Exercise data Start Marker
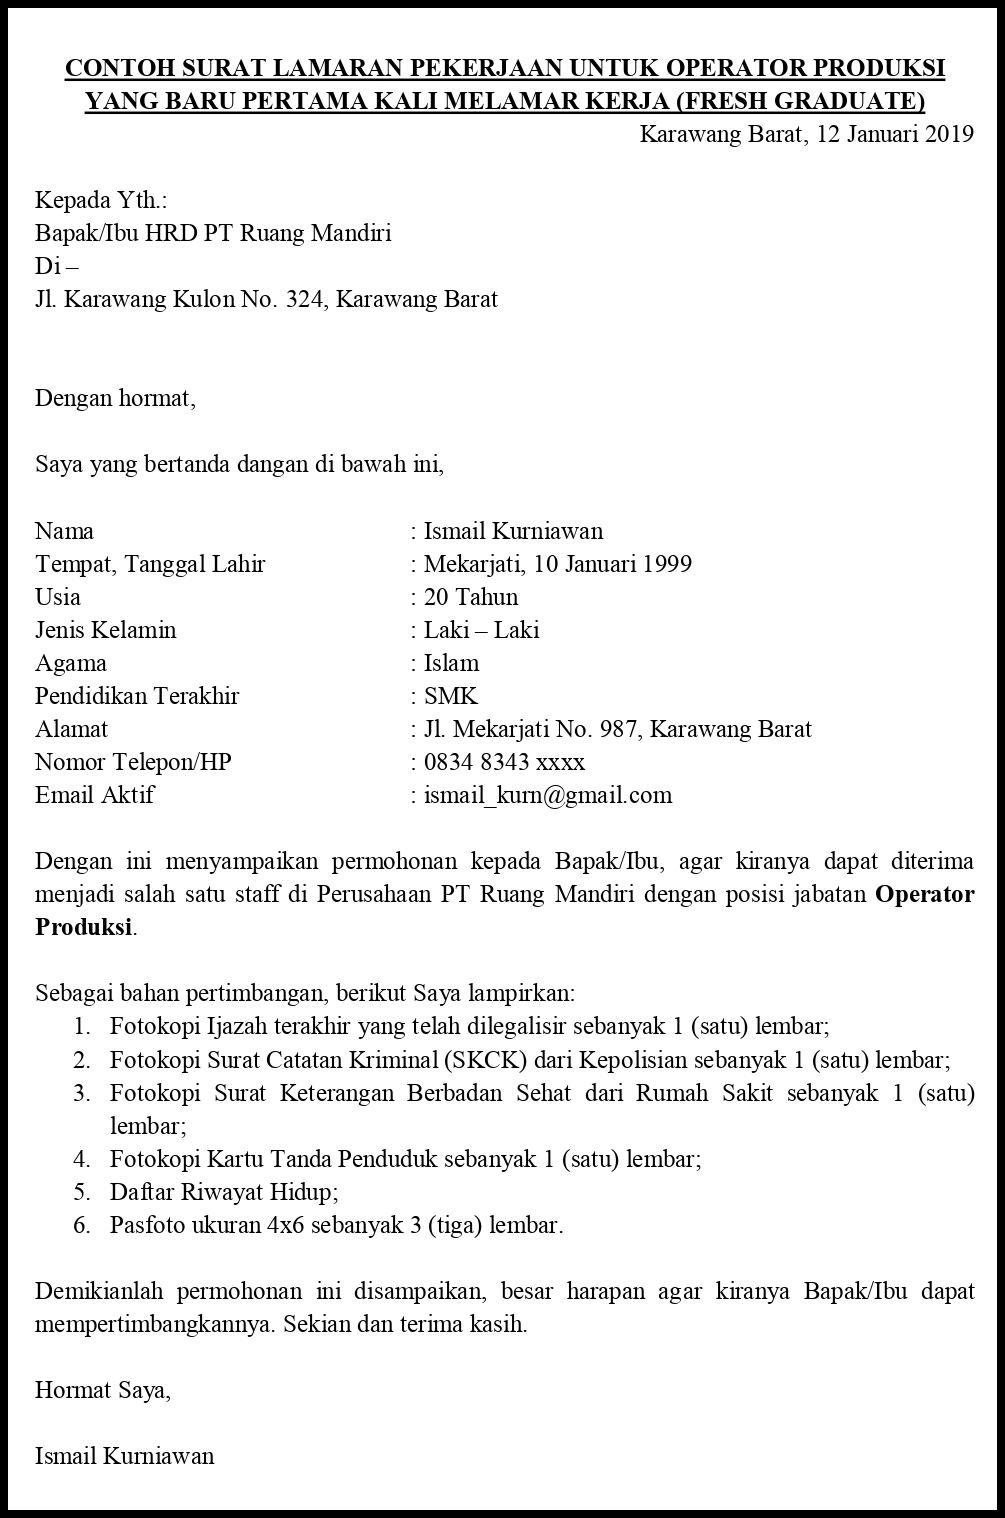 Contoh Surat Lamaran Dalam Bahasa Indonesia Lewat Email
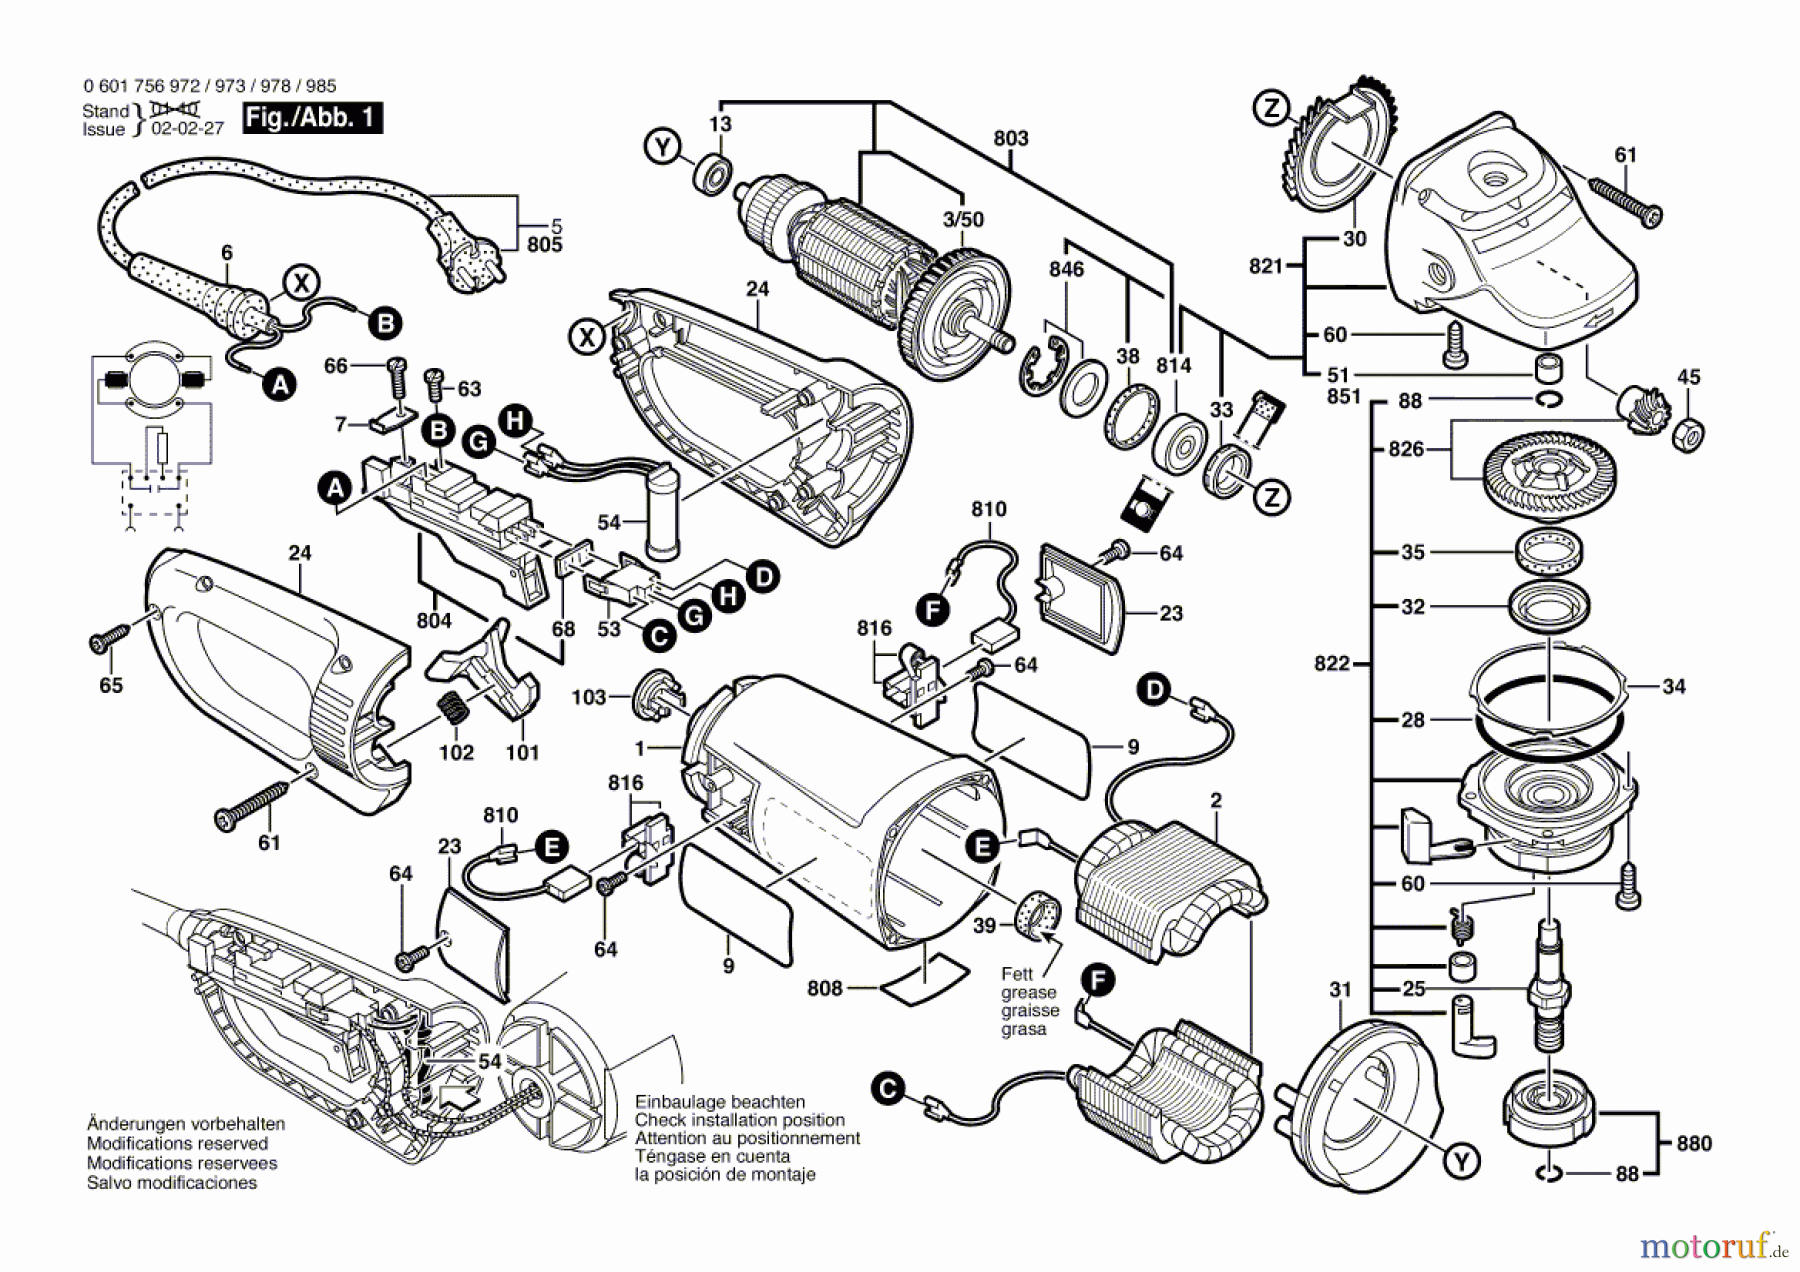  Bosch Werkzeug Winkelschleifer GWS 25-230 JS Seite 1
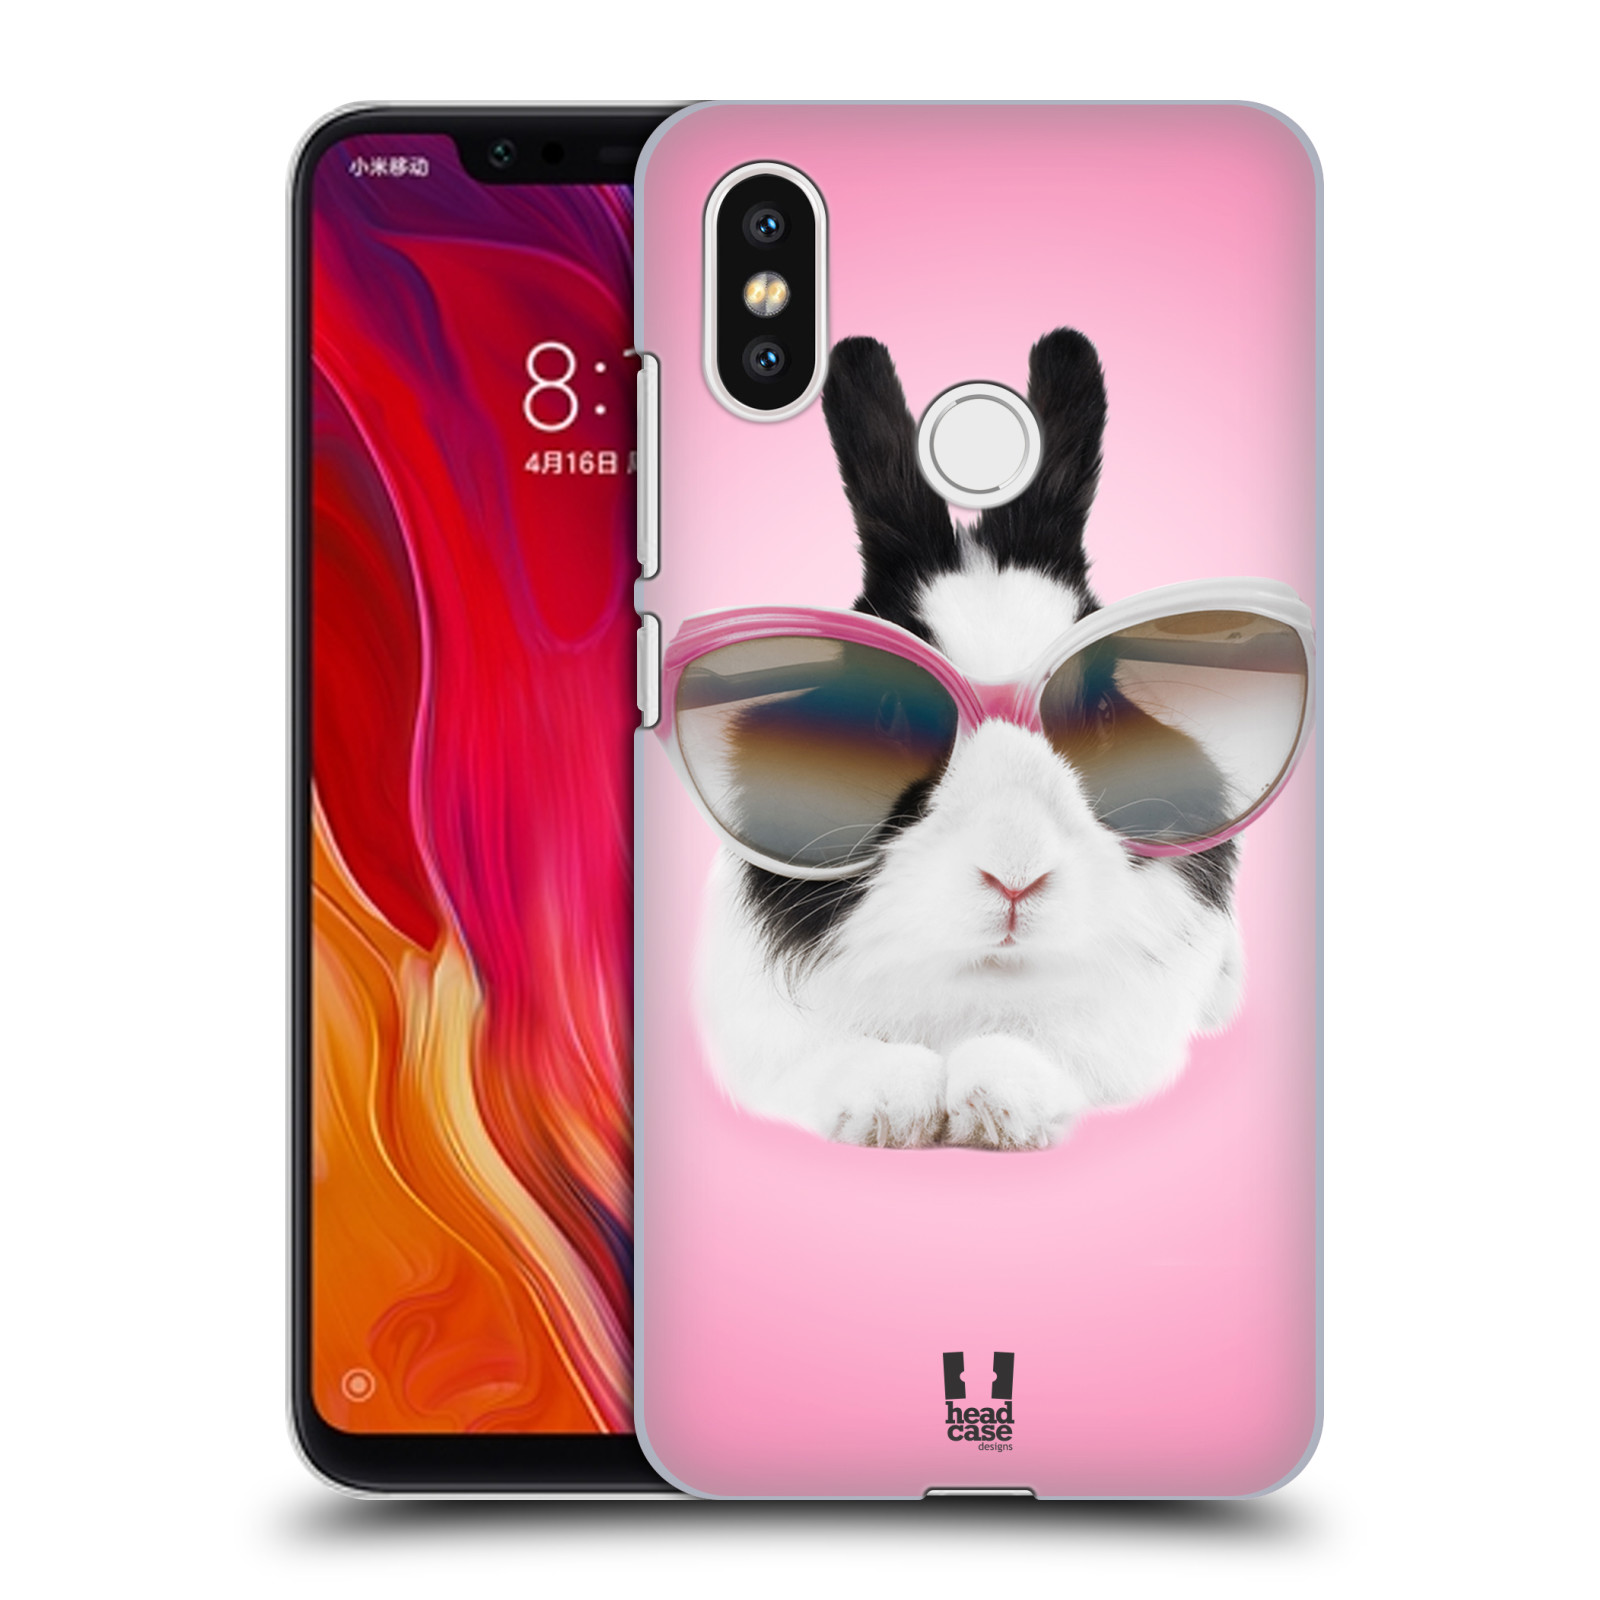 HEAD CASE plastový obal na mobil Xiaomi Mi 8 vzor Legrační zvířátka roztomilý králíček s brýlemi růžová
Exercise data End Marker
• **Activity**
The lines from the one containing "Bosch Werkzeug Winkelschleifer" to the final line of the material, both ends included, should be retyped exactly and alone, with no pictures.

• **Response**
  Bosch Werkzeug Winkelschleifer GWS 25-230 JS Seite 1
 HEAD CASE plastový obal na mobil Xiaomi Mi 8 vzor Legrační zvířátka roztomilý králíček s brýlemi růžová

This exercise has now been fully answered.